Key Metrics for Analyzing REITs
Investors should have an understanding of specific metrics when analyzing REITs due to their specialized structure. Two key metrics used to analyze these securities include funds from operations (FFO) and adjusted funds from operations (AFFO).
FFO: This metric measures a company's cash flow generated through its business operations by adding and subtracting certain items from net income. Investors calculate FFO by adding depreciation and amortization charges to net income while deducting gains from property sales. FFO provides investors with a more accurate reflection of operational performance, as real estate investments typically appreciate, rather than depreciate like many assets, in value over time.
AFFO: This metric measures a real estate company's recurring/normalized FFO after deducting capital maintenance expenditures. Many analysts consider AFFO a superior measure to FFO as it considers the ongoing costs of managing a real estate property over its life. Investors typically use AFFO to determine a company's ability to pay dividends to stockholders in the future.
Practical Example Calculating FFO and AFFO
Let's assume XZY Limited reported net income of $1 million. It also incurred $50,000 and $100,000 in depreciation and amortization costs during the same reporting period. In addition, the company had a $200,000 profit from the sale of a property in its portfolio.
XZY also reported rents of $75,000 and recurring capital expenditures (CapEx) of $100,000, which it incurred when making maintenance repairs to properties it owns.
Step 1: Calculate the FFO value.
FFO = $1,000,000 + $50,000 + $100,000 – ($200,000)
FFO = $1,150,000 – $200,000
FFO = $950,000
Step 2: Deduct recurring capital expenditures and rents from the FFO value.
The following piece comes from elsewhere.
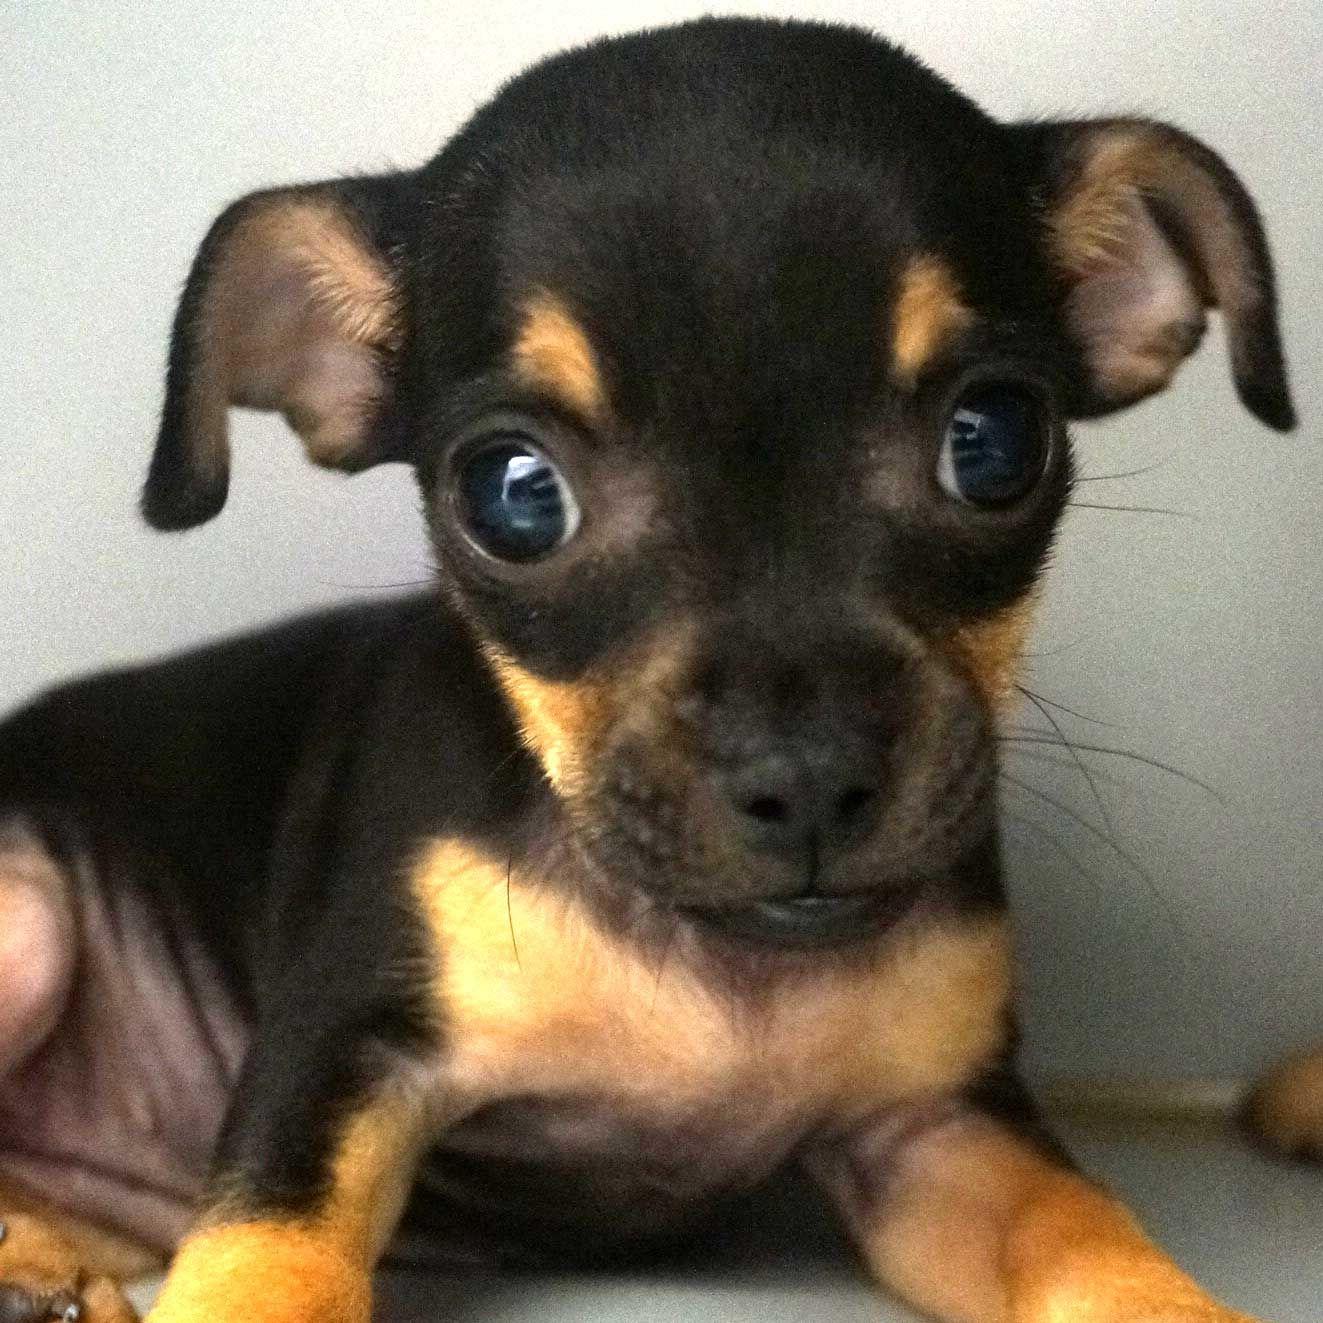 Adopt a Pet Dog adoption, Pet adoption, Animals
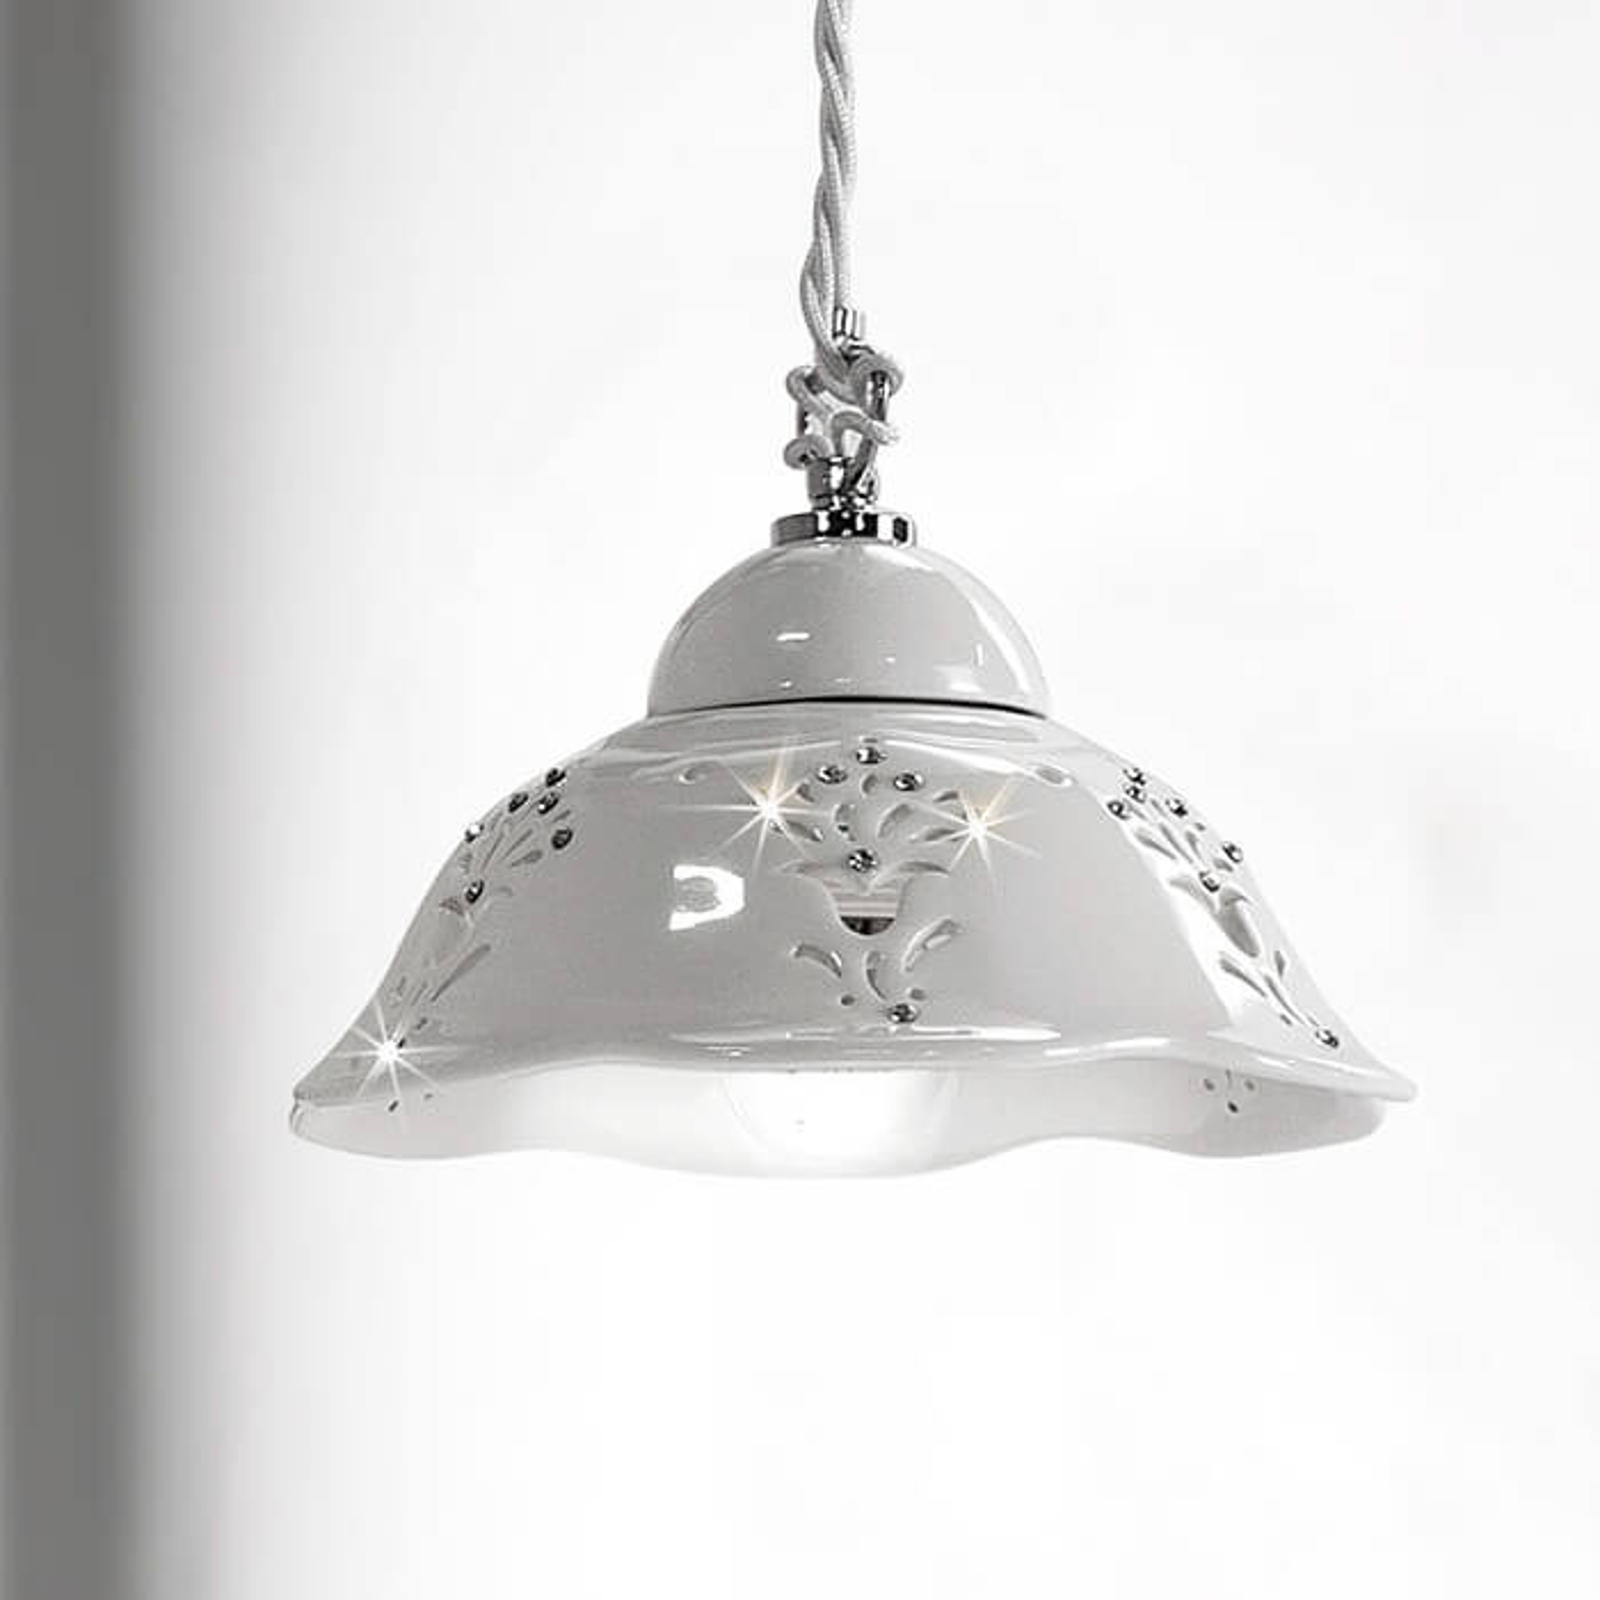 Guiliano hængelampe med keramikskærm, 20,5 cm

AFFO = FFO – Capital Expenditures – Rent Adjustments
AFFO = $950,000 – $100,000 – $75,000
AFFO = $775,000
Advantages of Investing in REITs
Two primary advantages REITs provide investors relate to liquidity and diversification. Real estate investments have a time-tested favorable risk/return profile with less volatility compared with other assets. However, closing real estate deals typically takes weeks or months, making the asset class extremely illiquid. REITs solve this problem by having their securities traded on major stock exchanges, allowing investors to buy and sell easily.
Real estate investment requires a significant financial commitment, often limiting buyers to a specific market or type of property. Investing in REITs solves this issue by allowing investors to diversify, with many trusts holding a portfolio of different property types, such as condos, retail space, healthcare facilities, or even telecommunication infrastructure.